Correlating Calendars
A huge issue when studying ancient calendars comes when trying to correlate their time frames with our modern (Gregorian) calendar. After all, for archaeologists to work out when a big event is documented in the Mayan calendar (such as a war, famine or religious celebration), it needs to be translated into "our" years, months and days.
As the Gregorian calendar began 2010 years ago, we have a standard time line for over two millennia of historical events. But to understand the events documented by the fallen culture, Mayan scholars needed to find significant events common in both the Gregorian and Long Count calendars so they can "correlate."
To do this, most Mayan scholars use a well-respected correlation factor called the "GMT constant." GMT stands for the initials of the last names of the archaeologists who calculated the constant: Joseph Goodman, Juan Martinez-Hernandez and J. Eric S. Thompson.
But Gerardo Aldana of UC Santa Barbara is now questioning the validity of this correlation factor due to a possible misidentification of ancient astronomical events in a new book called "Calendars and Years II: Astronomy and Time in the Ancient and Medieval World."
The Maya were highly skilled astronomers who kept meticulous records of the night sky. They documented the phases of the moon, recorded eclipses and even tracked the movement of Venus. In fact, the Venus cycle was an important calendar for the Maya. Their records enabled them to predict future astronomical cycles with great accuracy.
So how do they correlate dates when they are not sure of the references we can track?

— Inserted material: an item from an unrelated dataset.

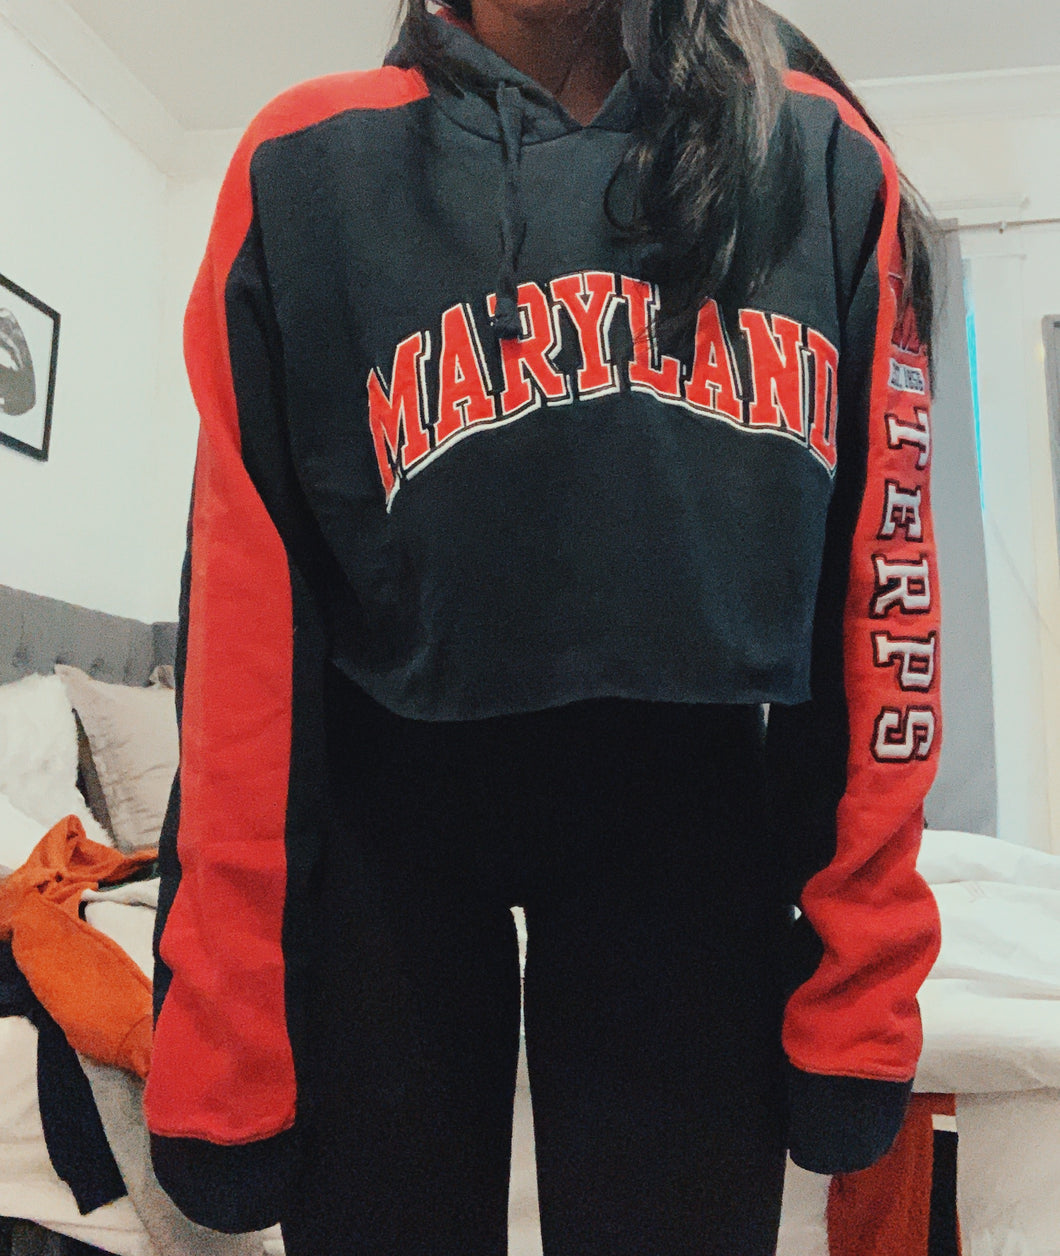 Maryland Vintage Sweatshirt

There are more reasons on that site as to why 2012 is off...
Venus or a Meteor?
Although GMT uses several sources of astronomical, archaeological and historical evidence to correlate the Long Count with our modern calendar, Aldana has cast doubt on the accuracy of some of the astronomical evidence interpreted from ancient Mayan artifacts and colonial texts.

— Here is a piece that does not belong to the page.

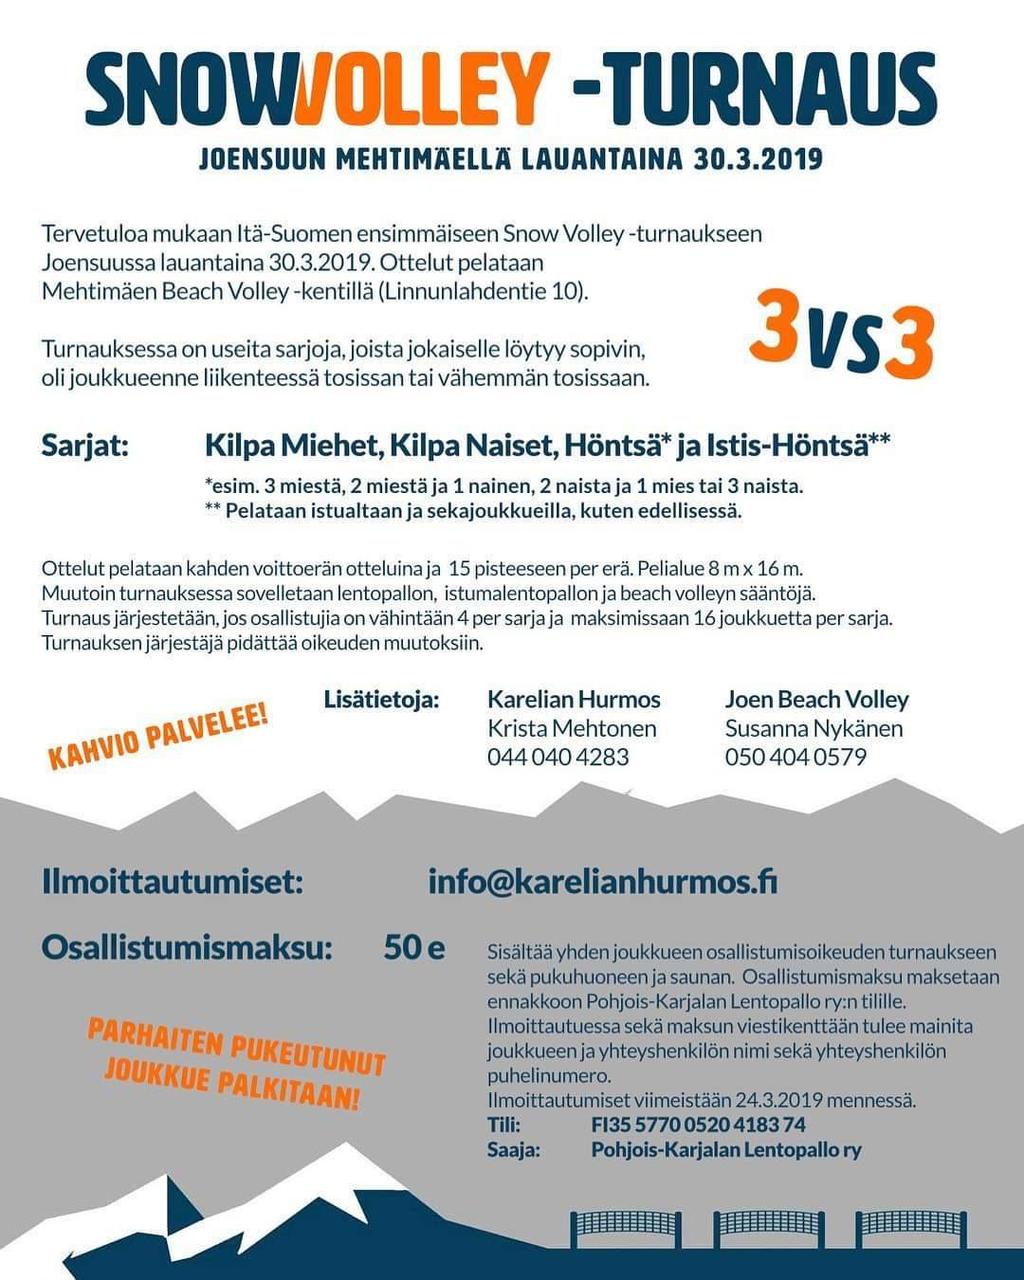 HURMOSTA JA HÖNTSÄÄ - SNOWVOLLEY JOENSUUSSA 22.2.2019 22:30 (Mia Tarvainen/Info) Nyt sitä sitten saa - ististä lumisohjossa. Höntsää Joensuussa 30.3.2019. Ei ehkä eturauhasvammaisille.

One of the key events described by Aldana is a battle date as set by the ruler of Dos Pilas (a Maya site in the current geographical location of Guatemala). Ruler Balaj Chan K’awiil chose this date by the appearance of Chak Ek'. According to Johan Normark, researcher at the Department of Archaeology and Classical Studies at Stockholm University, Chak Ek' "used to be believed to be Venus but in another study Aldana believes it is a [meteor]."